SUPPLIED MATERIAL:
________________________

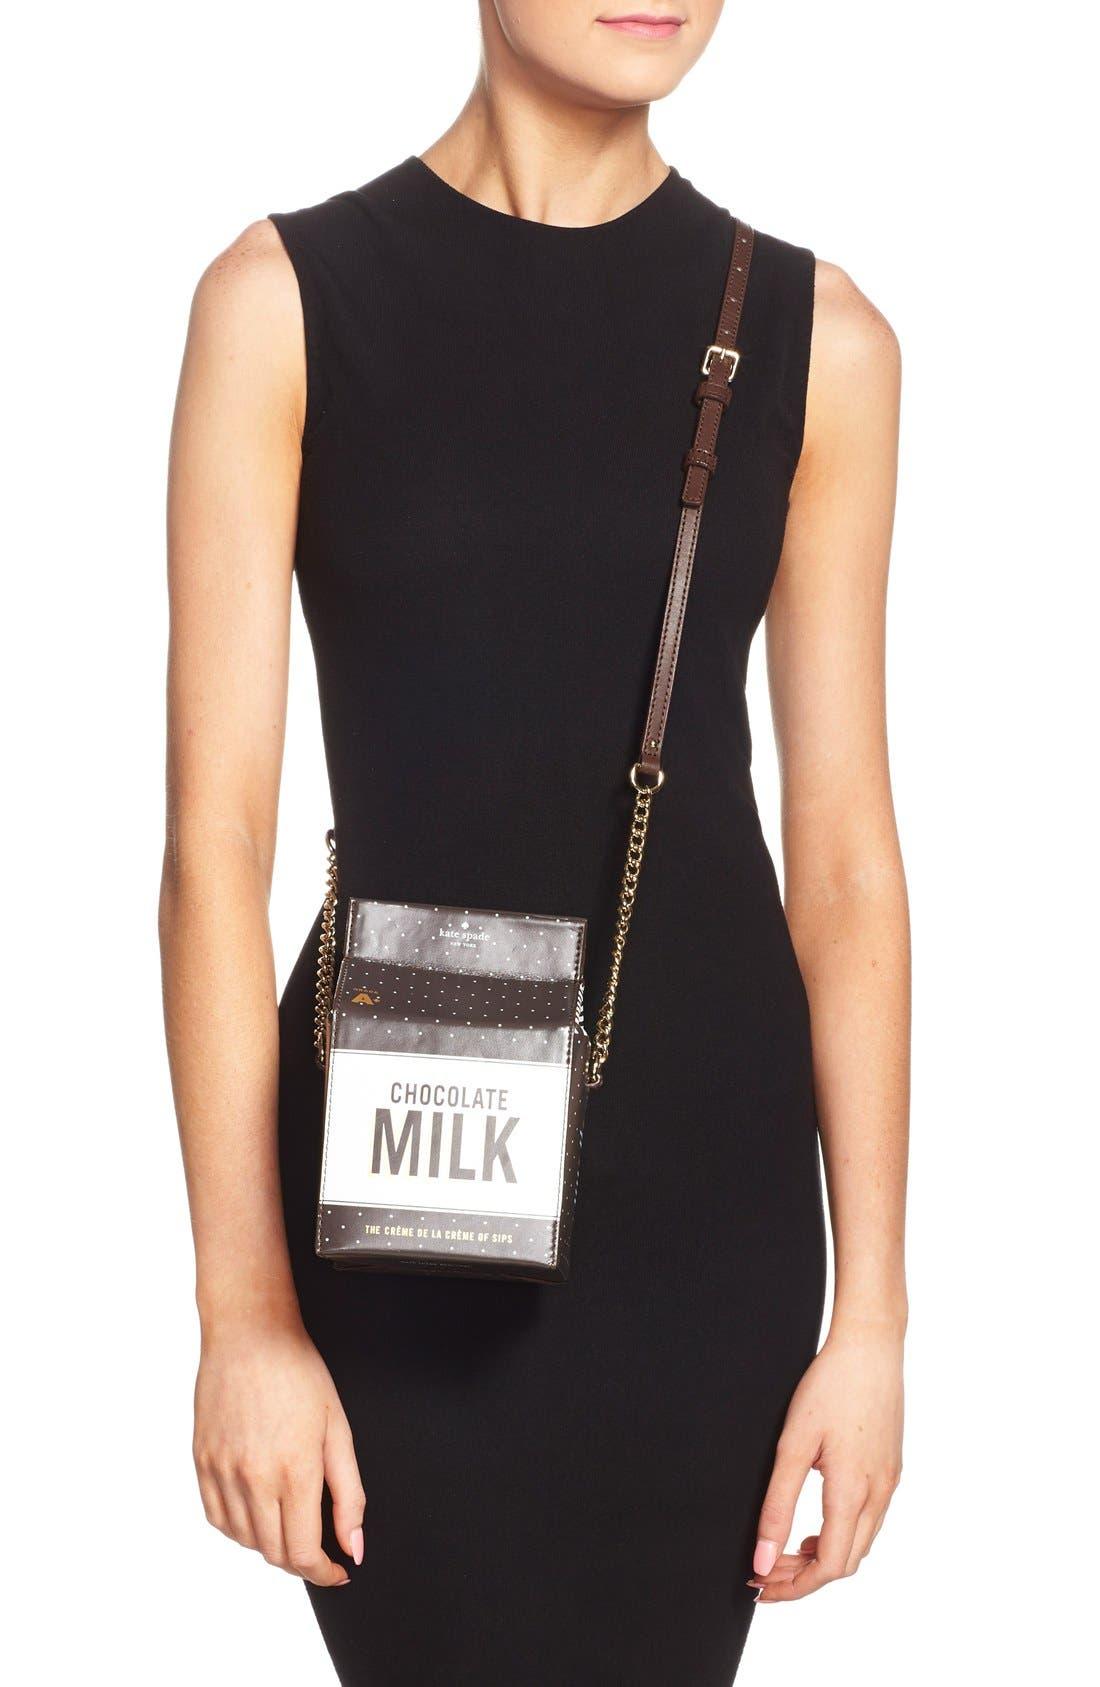 KATE SPADE NEW YORK,                             'de la crème' milk container crossbody bag,                             Alternate thumbnail 5, color,                             974
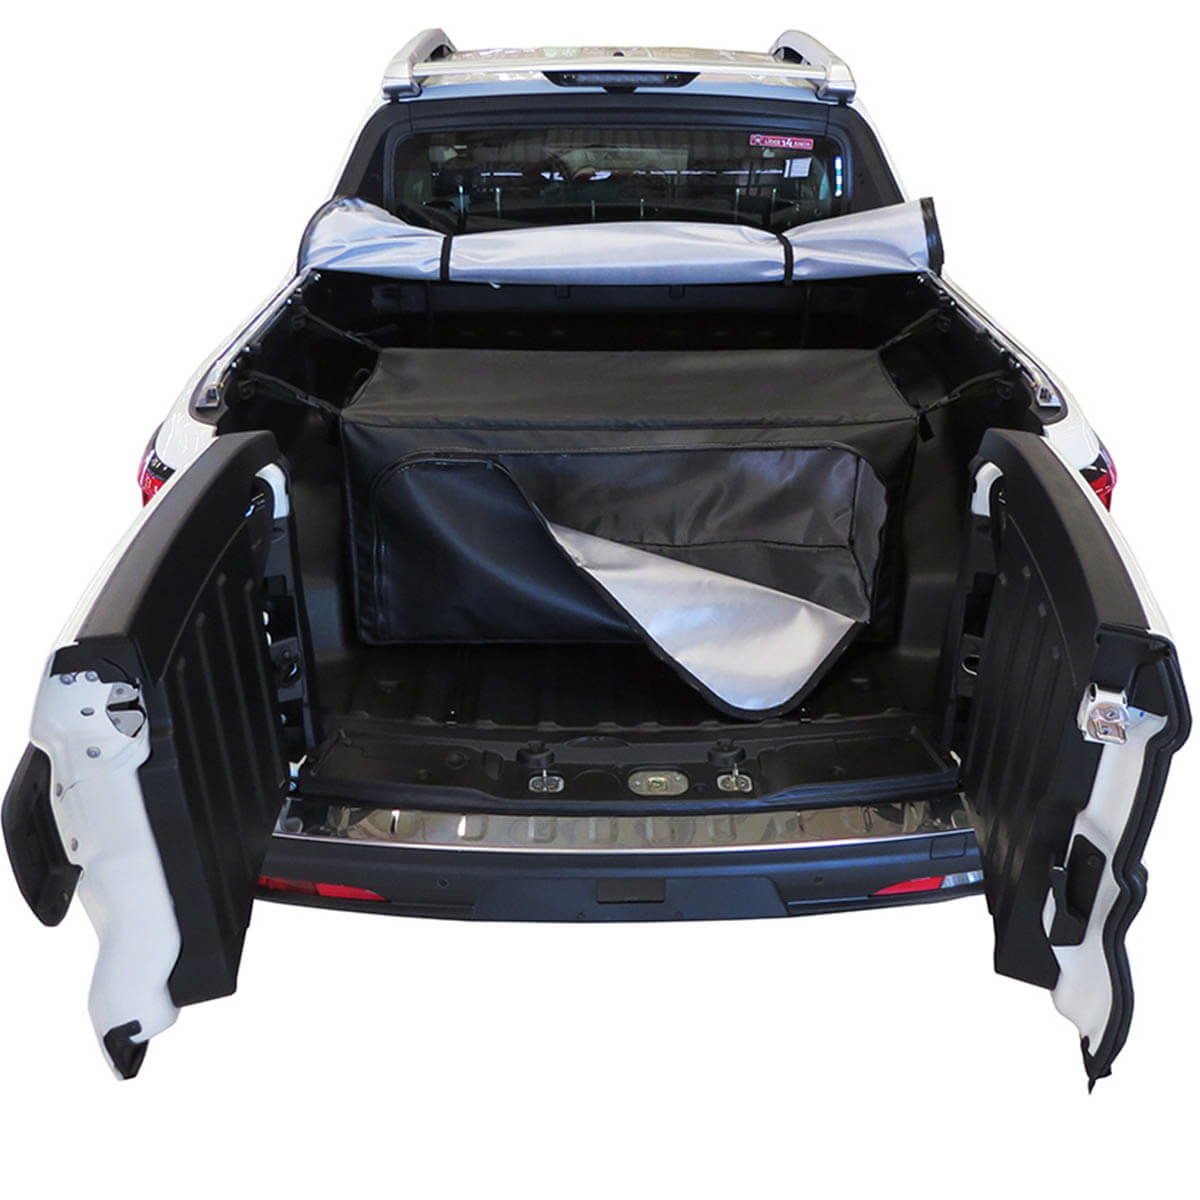 Bolsa para caçamba Fiat Toro 2017 a 2021
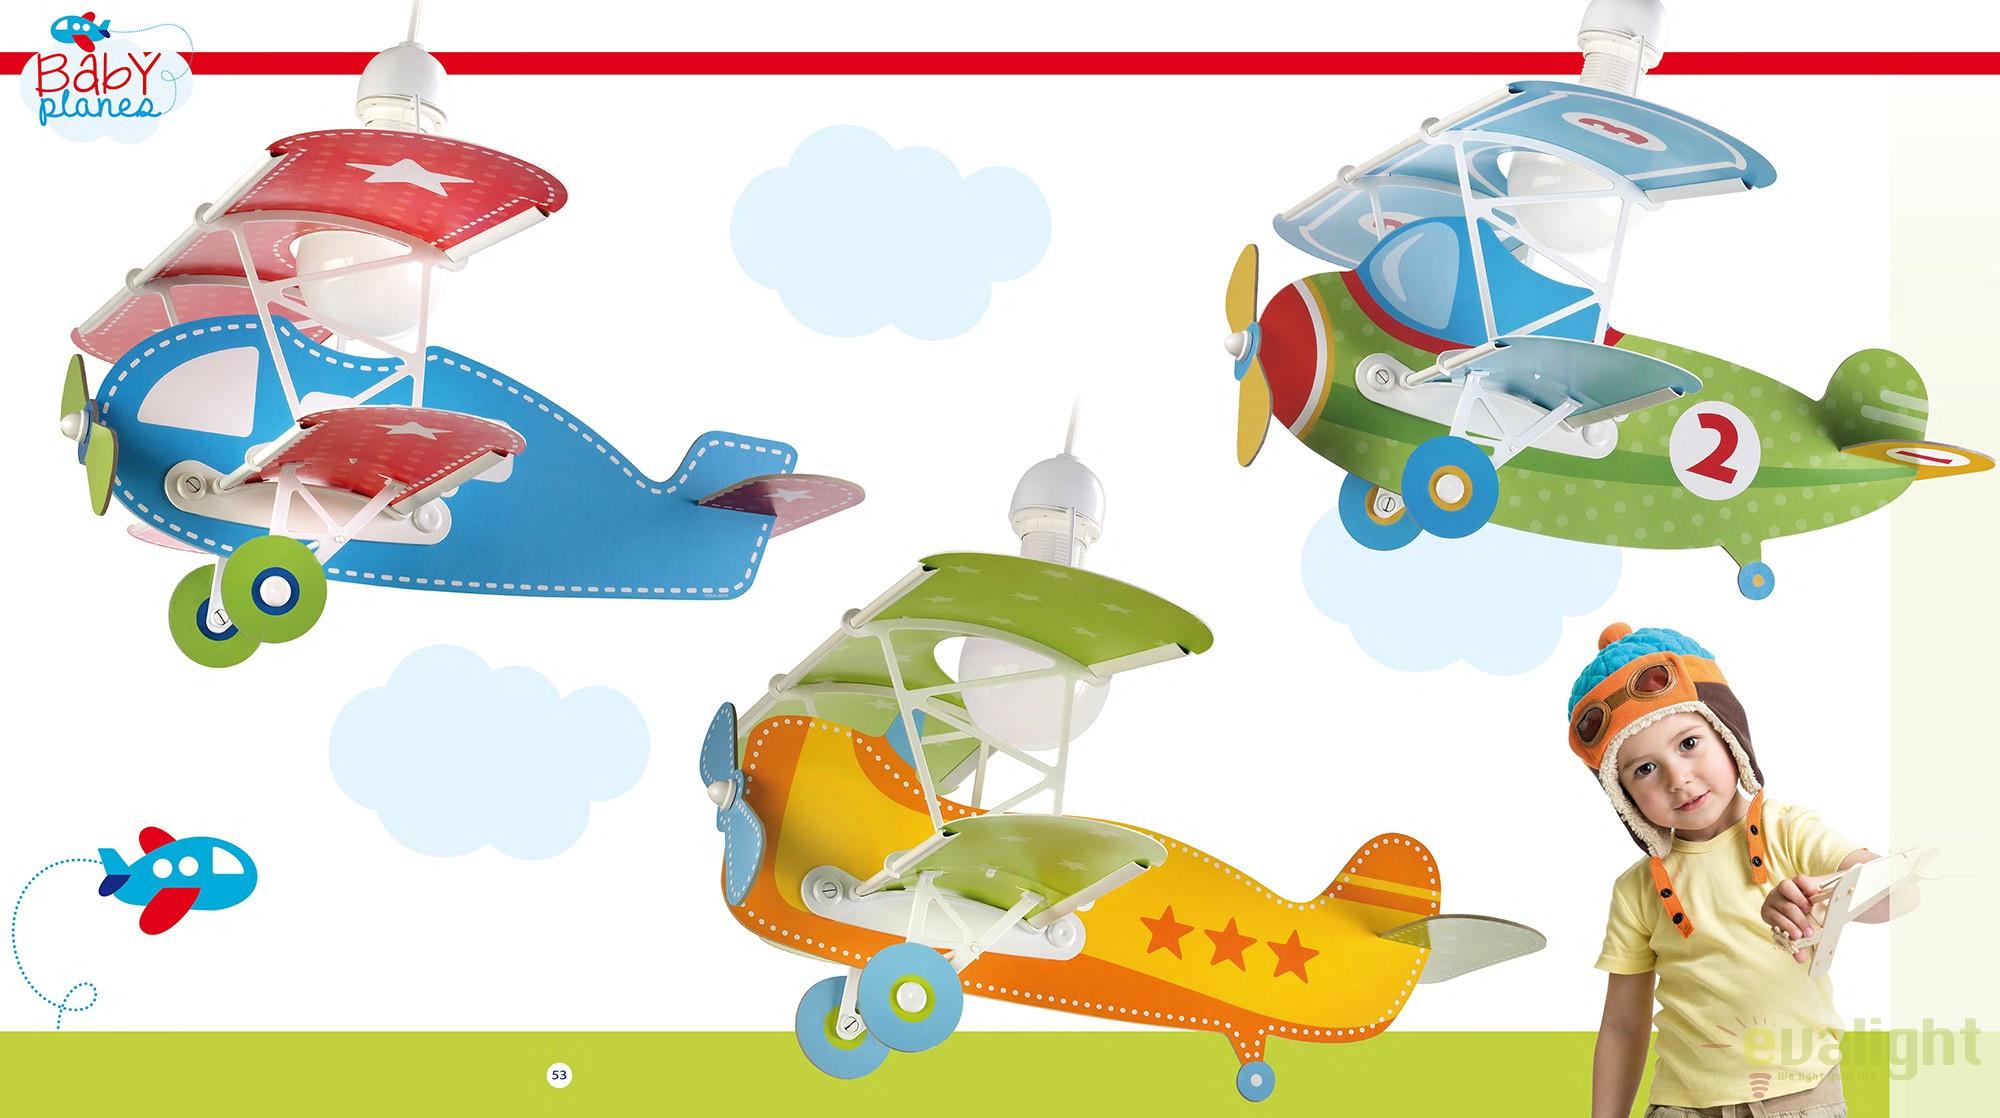 lustra camera copii de dimensiuni mari in forma de avion baby planes albastru 54002 db. Black Bedroom Furniture Sets. Home Design Ideas

________________________

EXERCISE PROMPT:
Any picture found in the data is to be skipped while the rest is copied exactly.

SOLUTION:
 KATE SPADE NEW YORK,                             'de la crème' milk container crossbody bag,                             Alternate thumbnail 5, color,                             974
 Bolsa para caçamba Fiat Toro 2017 a 2021
 lustra camera copii de dimensiuni mari in forma de avion baby planes albastru 54002 db. Black Bedroom Furniture Sets. Home Design Ideas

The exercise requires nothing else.